MELBOURNE, Australia (AP) — After more than a decade of losses to Serena Williams, Maria Sharapova is getting good at being gracious in defeat.
The Australian Open final Saturday demonstrated just how far the gap is between No. 1 and No. 2 following Sharapova’s 16th loss in a row to Williams — 6-3, 7-6 (5) at Rod Laver Arena.
Five-time Grand Slam winner Sharapova said Williams’ serves were so fast, it was hard to even make contact with the ball. Hence the American’s 18 aces — one of them at 203 kph (126 mph).
“I’ve got to congratulate Serena on creating history, on playing some of her best tennis,” Sharapova said at the trophy ceremony, where she held back tears before stepping up to the microphone.
“I haven’t beaten her in a really long time. But I love every time I step on court against her, because she’s been the best. And as a tennis player you want to play against the best.”
It was Williams’ 19th Grand Slam title, moving her ahead of Chris Evert and Martina Navratilova and three behind Steffi Graf’s Open-era leading total of 22.
Sharapova has now lost every match against Williams since the WTA finals in 2004 — she’s won only two of 19 matches.
“I’ve had some of the best memories of my career on this court and also some of the toughest losses, but that’s the life of a tennis player,” said Sharapova, who won the Australian Open in 2008 but has lost two finals and three semifinals — including one of each to Williams.

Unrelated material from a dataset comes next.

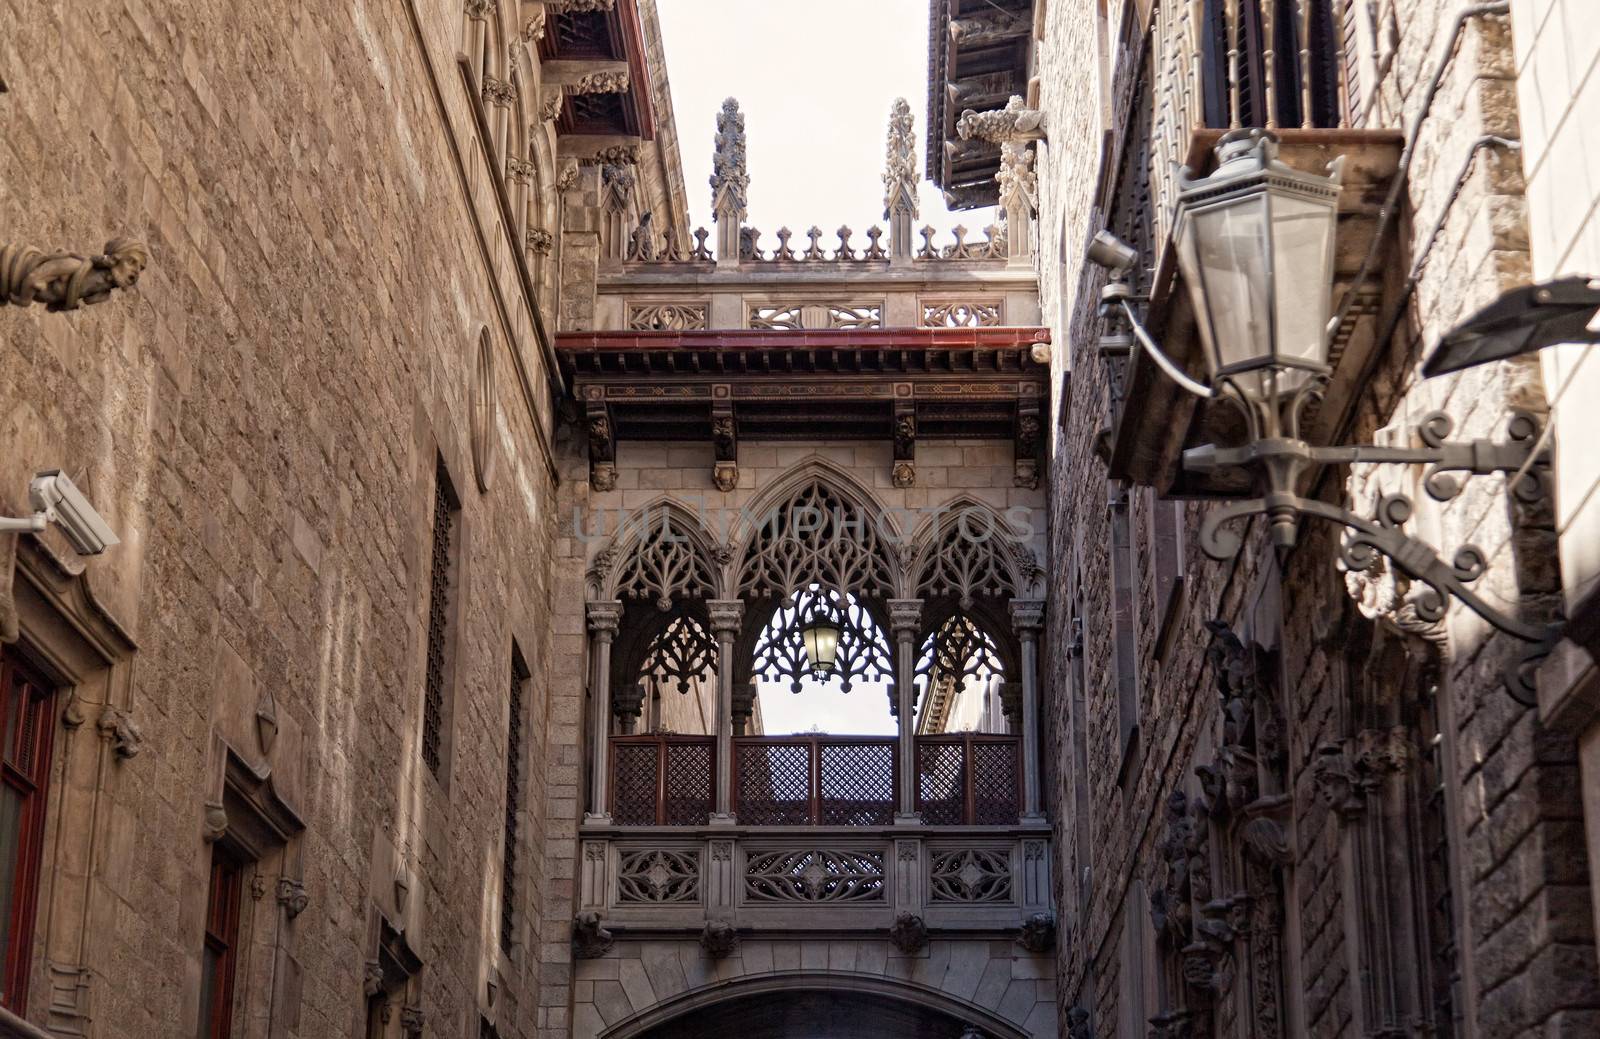 Gothic quarter in Barcelona, Spain by elena_shchipkova

Sharapova was gracious to Williams both at the trophy ceremony and in her post-match news conference. She didn’t dwell on how much the loss hurt or how badly she wanted to end the losing streak but focused on how much she loves competition and competing against the best.
“If I’m getting to the stage of competing against someone like Serena, I’m doing something well,” Sharapova said. “I’m happy to be in that position. I love the competition. I love playing against the best, and at the moment she is.”
Williams has been the best for quite some time. Her latest stint at No. 1 has lasted for 101 consecutive weeks.
Unlike the men’s side, where four players have dominated for a decade — Roger Federer, Novak Djokovic, Rafael Nadal and Andy Murray — the women’s side has one recurring champion and others occasionally making inroads.
“It’s frustrating to be the one going home with the small trophy. But I do love the battle. I love high-quality tennis. I love being part of it. It’s a lot better than watching it on TV,” said Sharapova. “I’m proud to be part of an era where she’s in.”